Bitbaern's Shield: You can ue this +1 shield to sense which way is east. Also, "...the shield can lead you to places of significant history," including the final resting place of Bitbaern, who was a hero of some renown.

D&D 5th Edition - Monster Manual


5th puts it all together quite nicely.

How Gnolls Came to Be: Yeenoghu entered the Material Plane. Packs of hyena flocked to him, scavenging his kills, which transformed them into gnolls.
  • They scavenge trophies from corpses like teeth or ears.
  • Gnolls have no goodness or compassion.
Gnoll Pack Lord: These gnolls rules by might and cunning. They have piercings and they dye demonic sigils into their fur.

Fang of Yeenoghu: This version of the fang are gnolls possessed by a demonic spirit. They perform rituals and make blood offerings to Yeenoghu. A hyena who feasts on a fang's slain foe becomes a full-grown adult gnoll.

Volo's Guide to Monsters

Volo's has a big section on gnoll lore. We learn:
  • Gnolls want to turn the world into a barren, empty ruin.
  • Yeenoghu ultimately wants endless war to be waged in the world until only one champion remains. Then Yeenoghu will come to the world, slay the champion, and reign over a wasteland of rotting corpses.
  • They are driven by a communal sense of infinite hunger and endless rage.
  • When raiding, they never leave survivors. It sounds like the whole slaving angle is gone.
  • Gnolls don't care about gold or gems.
  • They speak a broken form of Abyssal.
There's a bunch of lists, including one with some fun details to add to a gnoll. My favorites:
  • Infested with maggots
  • Vestigial twin embedded in back
Becoming a Gnoll: We learn a bit more on transforming into a gnoll. A fang of yeenoghu anoints the remains of foes during a ritual. When a hyena feeds on those remains, it becomes a gnoll.
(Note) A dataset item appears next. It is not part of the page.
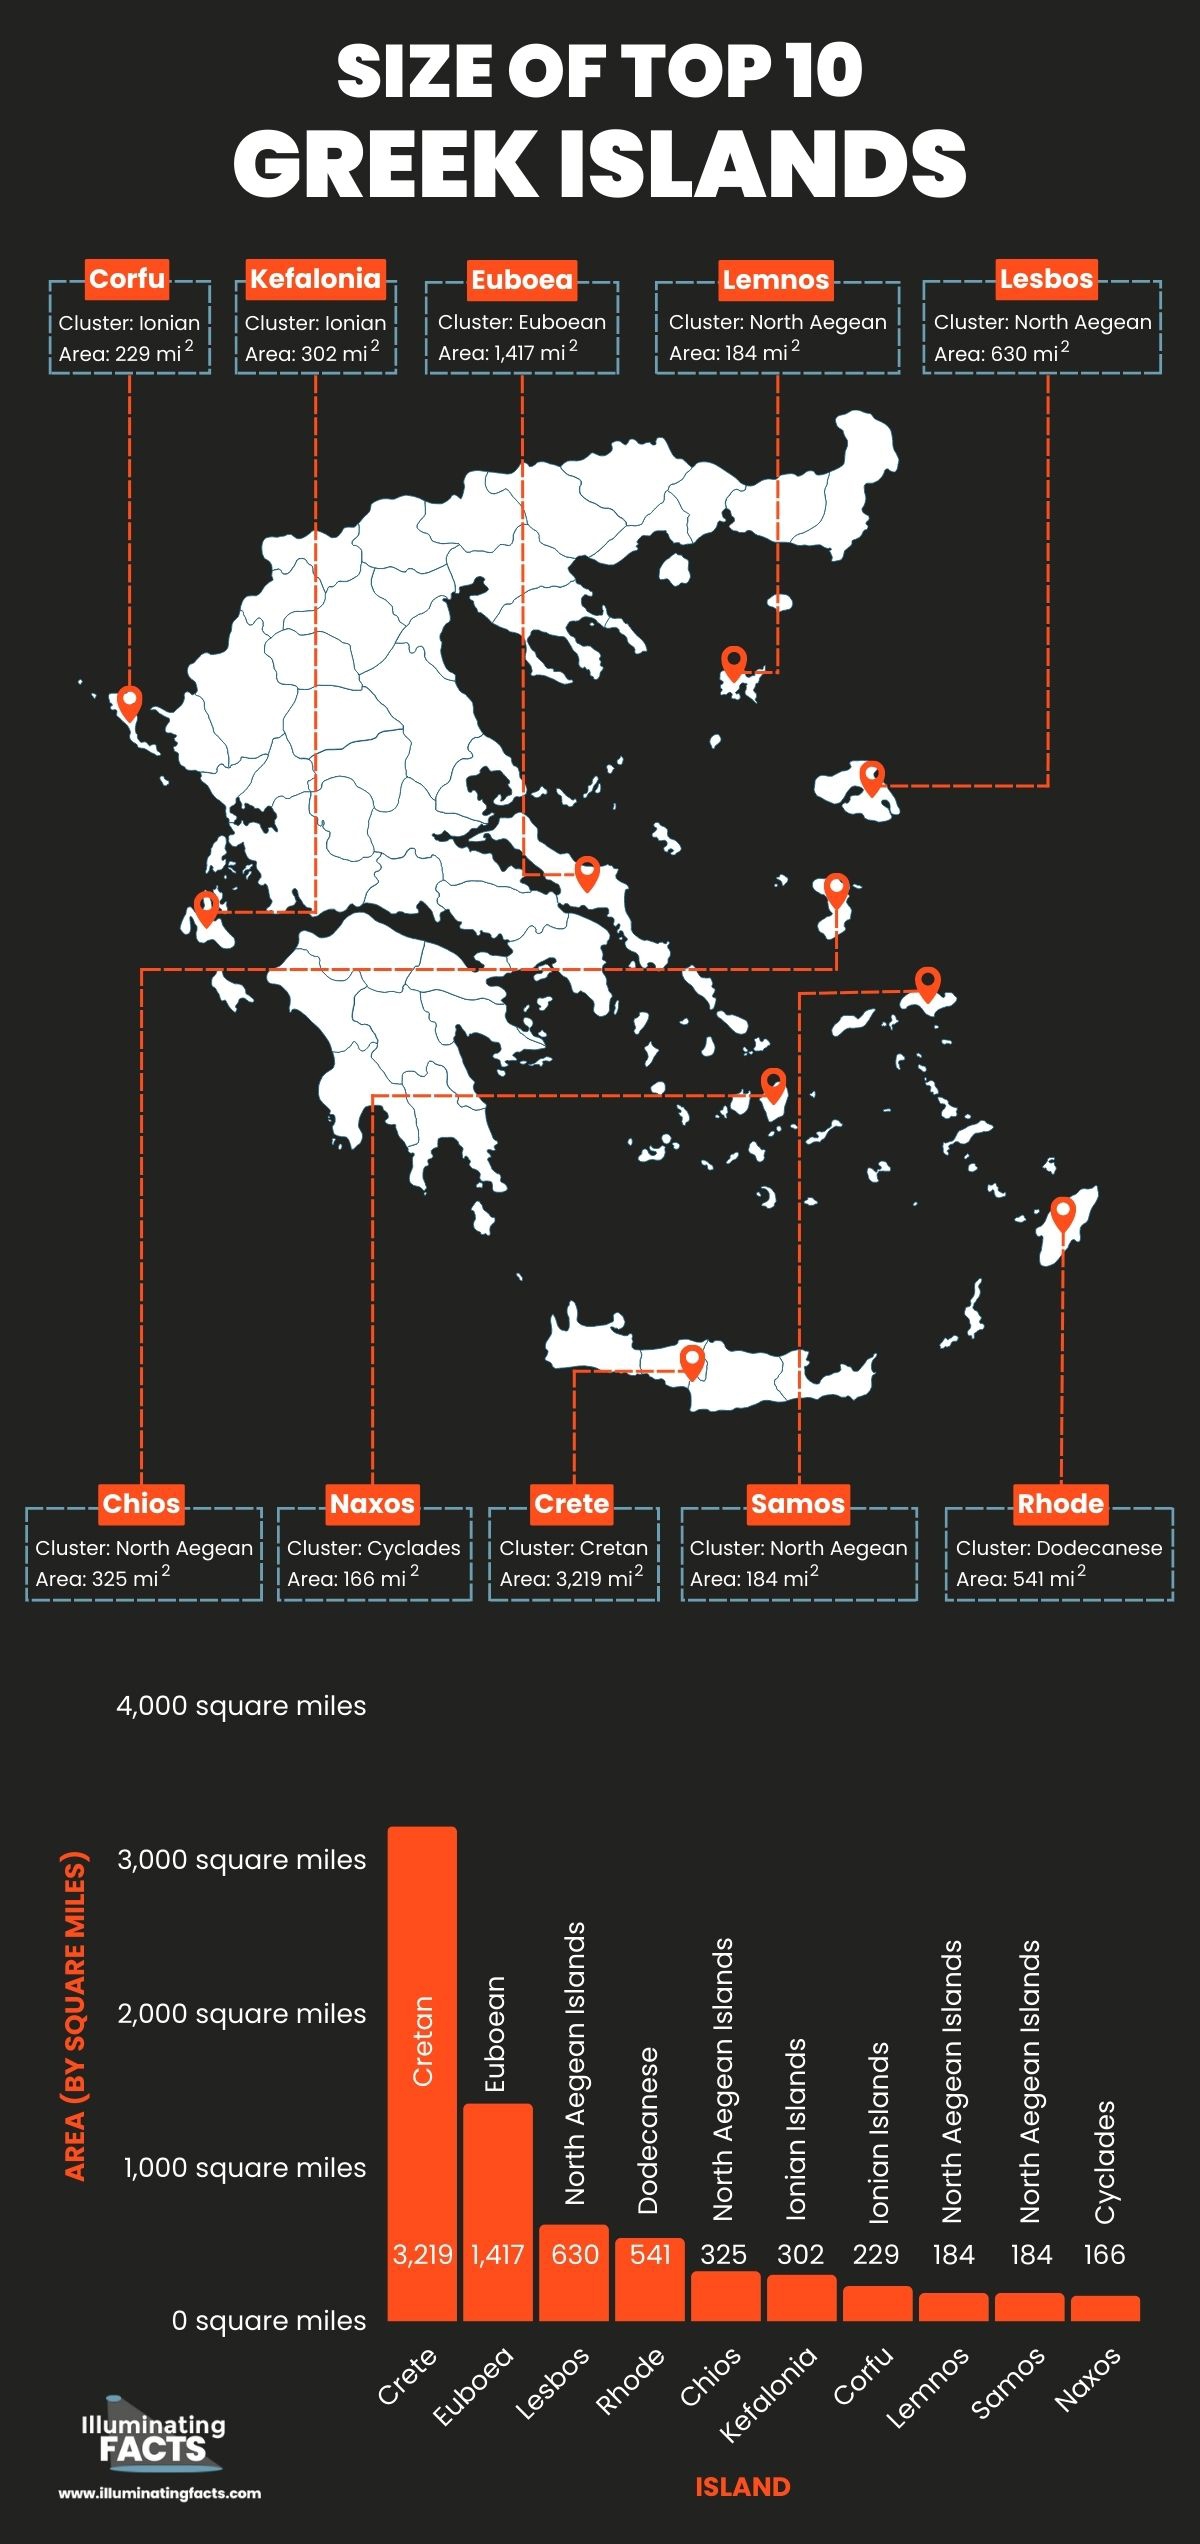 Size of Top 10 Greek Islands

Witherlings: This is awesome. When gnolls get hungry, they eat weaker gnolls. The bones of the devoured gnolls are kept. Pack lords and flind can perform a ritual to turn them into undead witherlings.

Flinds: Flinds are rare, and they are seen as Yeenoghu's special messengers. They are.. "gifted with a keen eye for omens and an ear for Yeenoghu's whispers."

If a gnoll kills a flind, it becomes a flind!

Yeenoghu sometimes sends them demon allies: Barlguras, Dretches, Hezrous, and Manes. Also:
  • Shoosuvas: As a reward for triumphs.
  • Maw Demon: Anything a maw demon devours is teleported into Yeenoghu's gullet.
There's a whole page of details on creating war bands. My favorite part is the shared physical traits:
  • Rune branded on forehead
  • Surrounded by clouds of flies
  • "Covered with strange mushroom growths".